Noise Control Recommendations:
Based on the results of noise measurements and analysis, the following acoustic treatments were recommended to reduce the vibration and noise propagated from the chiller to the office upstairs.
Vibration Isolation Mounts
To minimize the structure-borne noise propagated from the chiller on the first floor to the open office space on second floor via the columns and vertical structures of the building, it was recommended to install different vibration isolation mounts to the base of the chiller and additional vibration isolation pads to the associated machinery components. The vibration isolation recommended was elastomeric vibration mounts.
Vibration Isolation Pads
All ground connections of the piping support associated with the chiller and related machinery components were recommended to be isolated using vibration isolation pads. Specifically, these include the base on the vertical small pipe, bracket of the pipe support, and base of the associated machinery. Vibration isolation pads, such as neoprene or rubber pads which provide vibration isolation for pipes and machinery supports were recommended.

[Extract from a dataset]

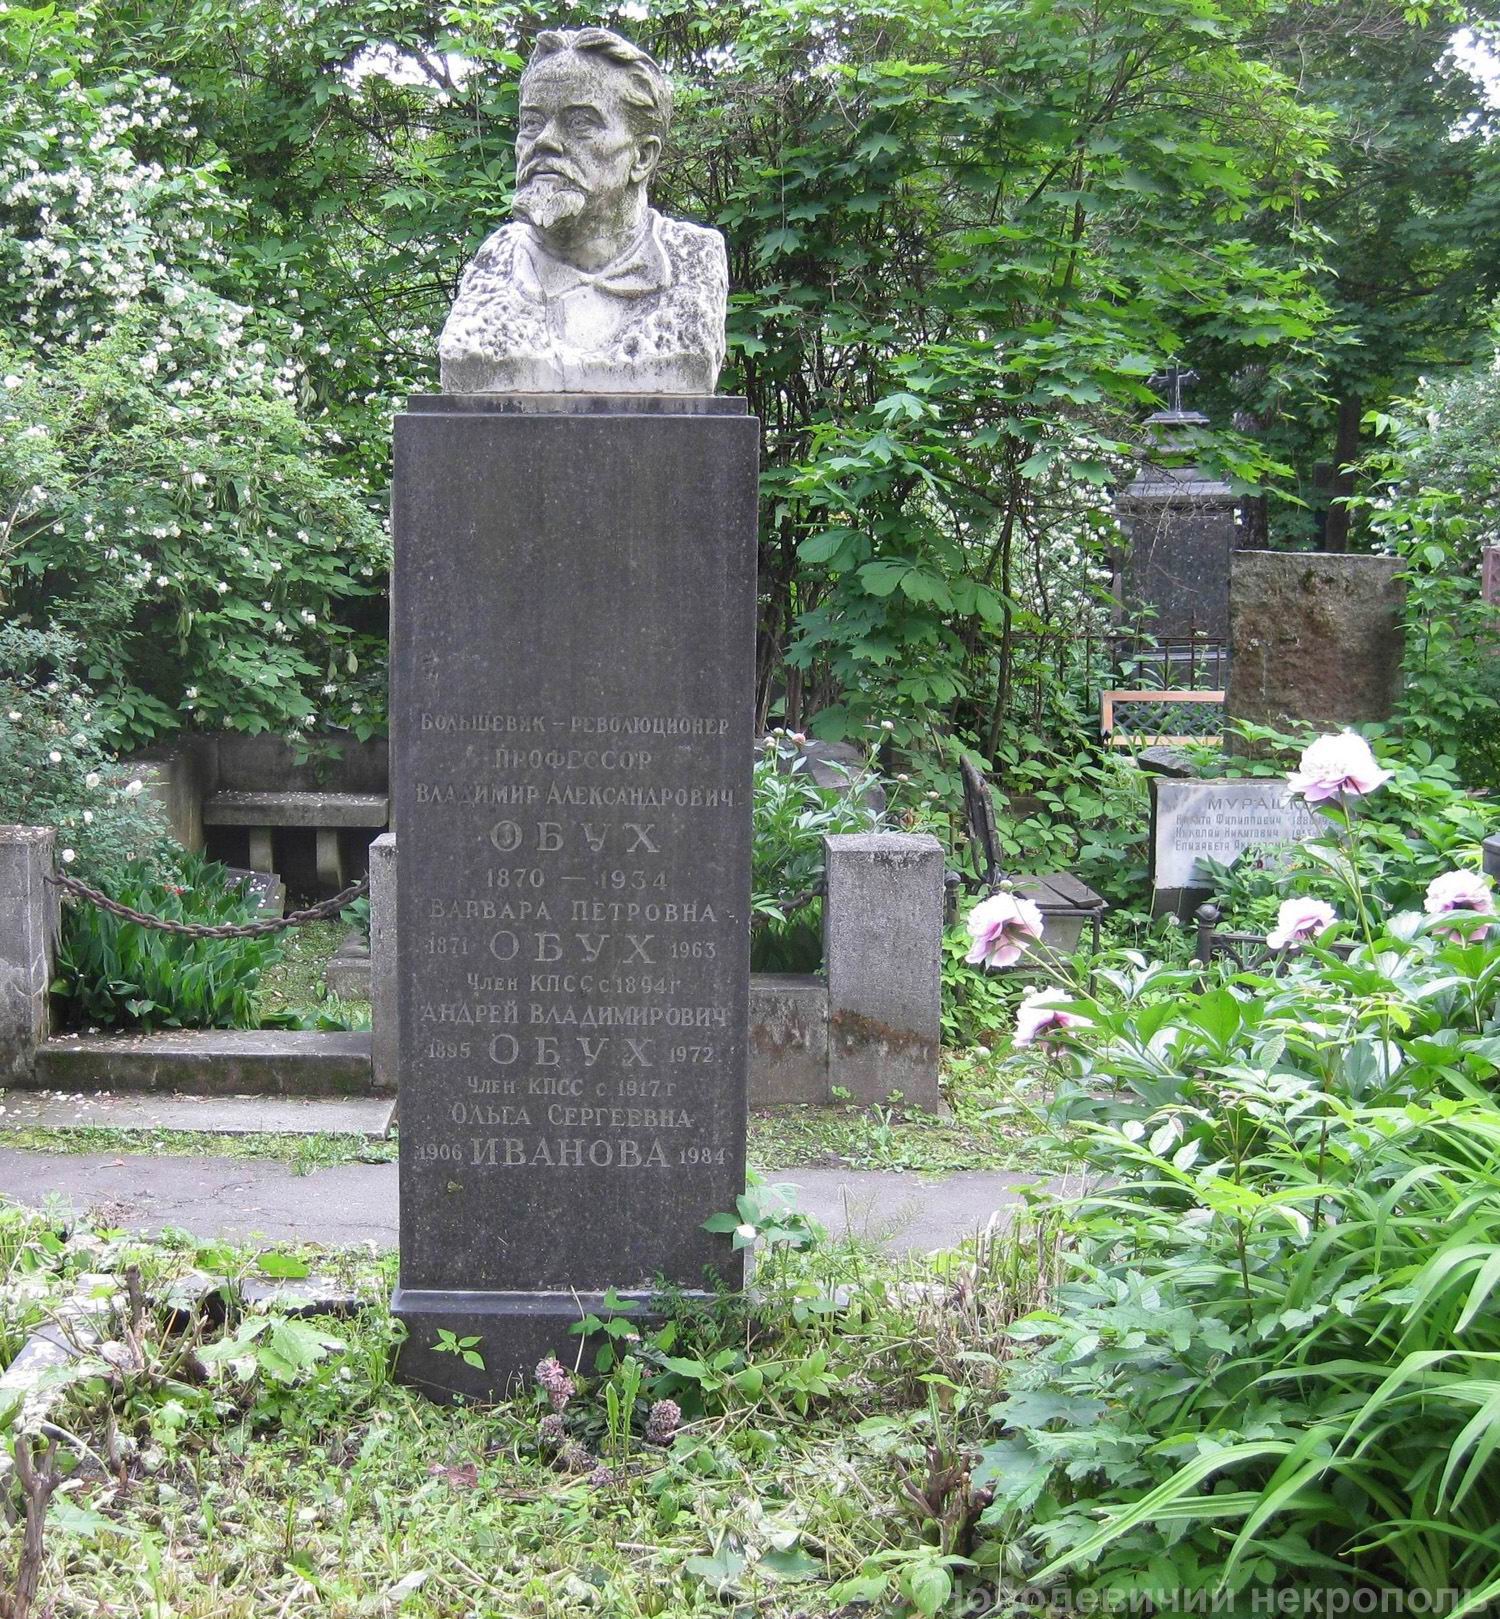 Памятник на могиле Обуха В.А. (1870-1934), ск. А.Елецкий, на Новодевичьем кладбище (3-62-23).

Vibration Isolation Hangers
To minimize the structure-borne noise propagated from the chiller to the open office space via the columns and vertical structures of the building, it was recommended to install vibration isolation hangers on the pipes and ducts attached to the chiller.
Vibration Pipe Isolator
To reduce the structure-borne noise propagated from the chiller to the downstream piping, it was recommended to install vibration pipe isolators on the downstream pipes connected to the chiller. A common practice to isolate the structure-borne noise and vibration propagating downstream along the pipes is to use a vibration pipe isolator. The vibration pipe isolator is usually a rubber or flexible hose.
With the applications of vibration isolation mounts, vibration isolation pads, vibration isolation hangers, and vibration isolators on the piping of the chiller, the acoustic environment in the open office space would be reduced to meet the NC Curve 25 to NC Curve 30 noise goal.